History of Ancient Philosophy: Fr. Eugene stated that Socrates was credited by Aristotle with being the inventor of inductive reasoning. He then gave what I thought was a great explanation of inductive reasoning: Let’s say I have a box on the desk here containing every flea in the world. How many legs does a flea have? How do I find out? Well, I pick up one, let’s see… one, two, three, four, five, six: this one has six… I pick up another… one, two, three, four, five, six: this one has six, too.... Eventually, I find enough fleas with six legs that I can be reasonably certain that it is usually true for all fleas that they have six legs. That’s the inductive method: reasoning from a set of particular instances toward a general conclusion about them. The assumption that sufficiently large sample sizes can give you a high degree of certainty about something is the basis for the scientific method. Be sure to thank Socrates some time for it.

Philosophy of Nature: We’re starting to read about and discuss Aristotle’s theories of change. I think I’m going to hold off for a bit until I have a better grasp on the material before I try to present it here. But it’s fascinating stuff.

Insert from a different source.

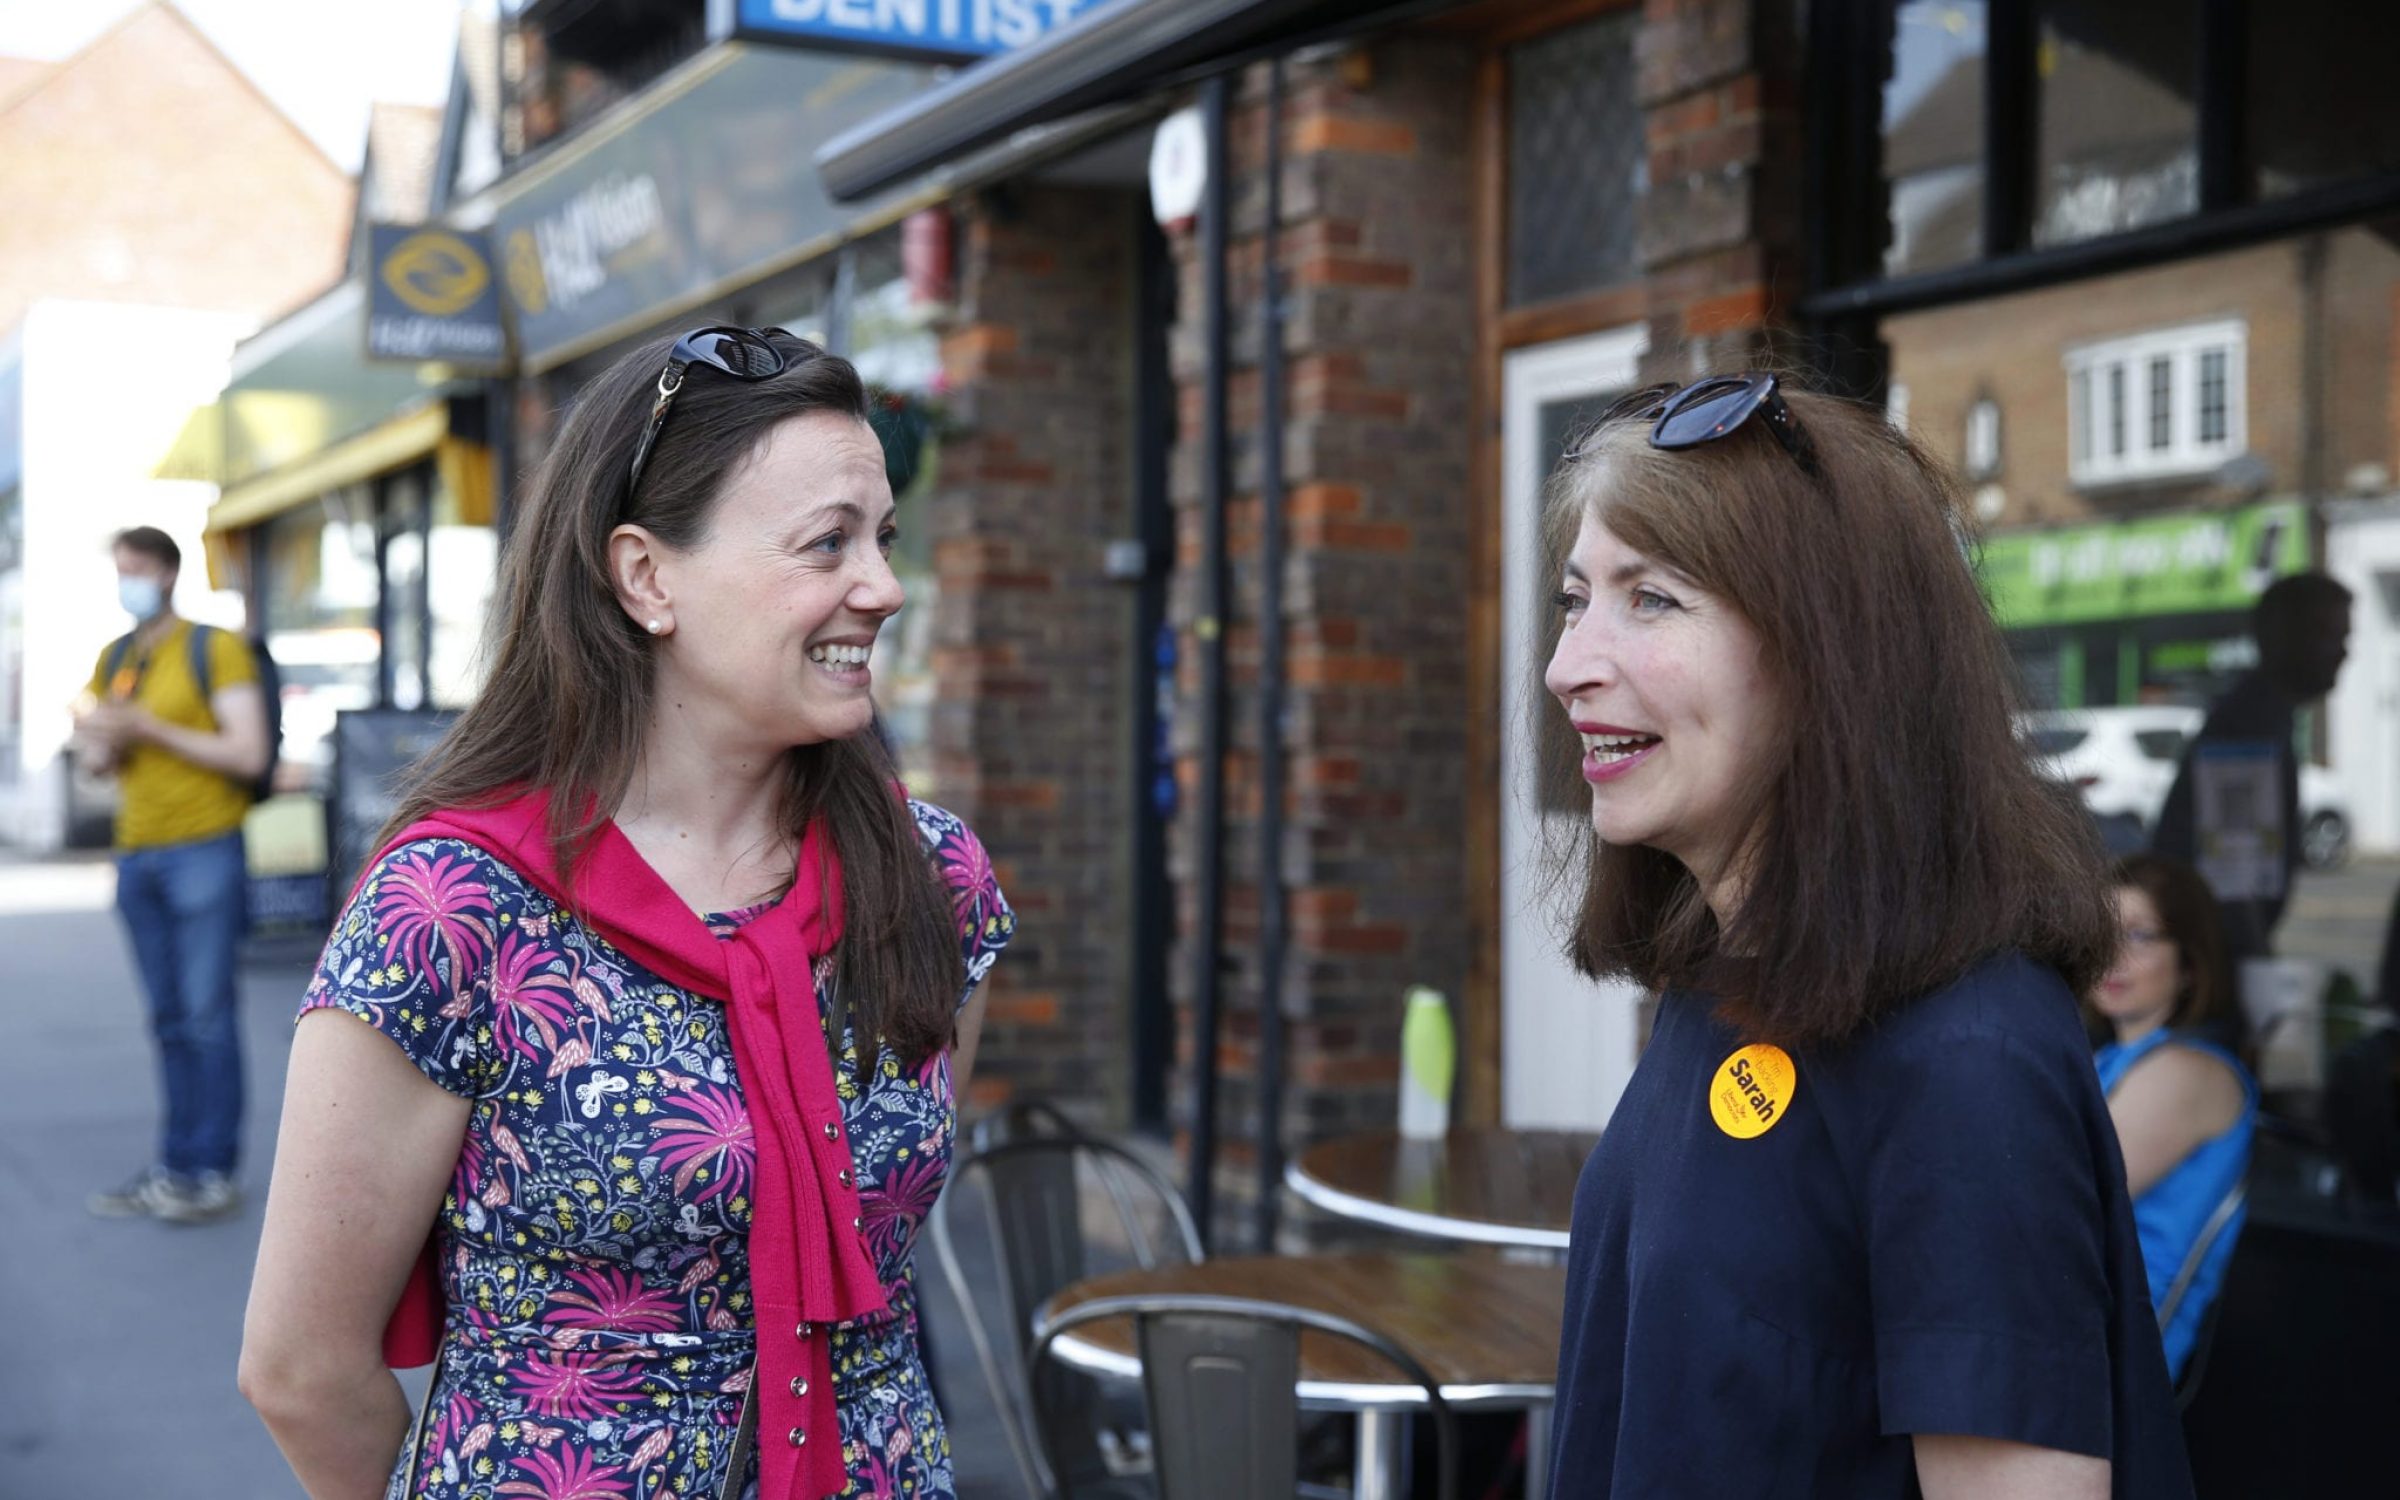 Sarah Green, candidate for Chesham and Amersham, speaks to a woman while canvassing. Photo: Hollie Adams via Getty Images

Intro to New Testament: There’s a lot that we miss by not knowing the languages in which the biblical texts were originally composed. As one example, in the Book of Genesis it says that Adam and Eve were given clothes made of skins after their fall from grace. It makes you wonder, “What were they clothed in before that?” One answer could be, “Well, nothing, duh,” but another is given by looking at the Hebrew text. If you flip one letter in the Hebrew word for “skin,” you get the Hebrew word for “light.” Adam and Eve were clothed in light: they shone with the glory of God before their fall. Makes you think a little more about the consequences of sin, eh? These sorts of plays on words apparently are quite common in the Bible, if only you know how to look for them.

Aristotelian Logic: Last week we were discussing how words can be used univocally, equivocally, or analogously. To use a word “univocally” in regard to two different things means we mean that word in the same way for both things; so, if I saw of both Nolan Ryan and Greg Maddux “they are pitchers,” I’m using the word “pitcher” univocally. But if I say of both Nolan Ryan and the jug holding water “They are pitchers,” I’m using the word “pitcher” equivocally; the same word is being used to mean different things. There’s a middle way between these two, however. If I refer to both a stone in my garden and St. Peter as a “rock,” I don’t mean it exactly the same way for each, but there is some link between the way I’m using the word in each case; I’m trying to relate some quality in the rock to some quality in St. Peter. This is a case of using a word analogously. If you pay attention, you’ll notice that an awful lot of the problems people have when communicating with each other comes from equivocal or misunderstood analogous usages of words: people using the same word to mean two different things, or someone trying to use a word analogously without the other party grasping it. Keep a look out for these things and see what you find.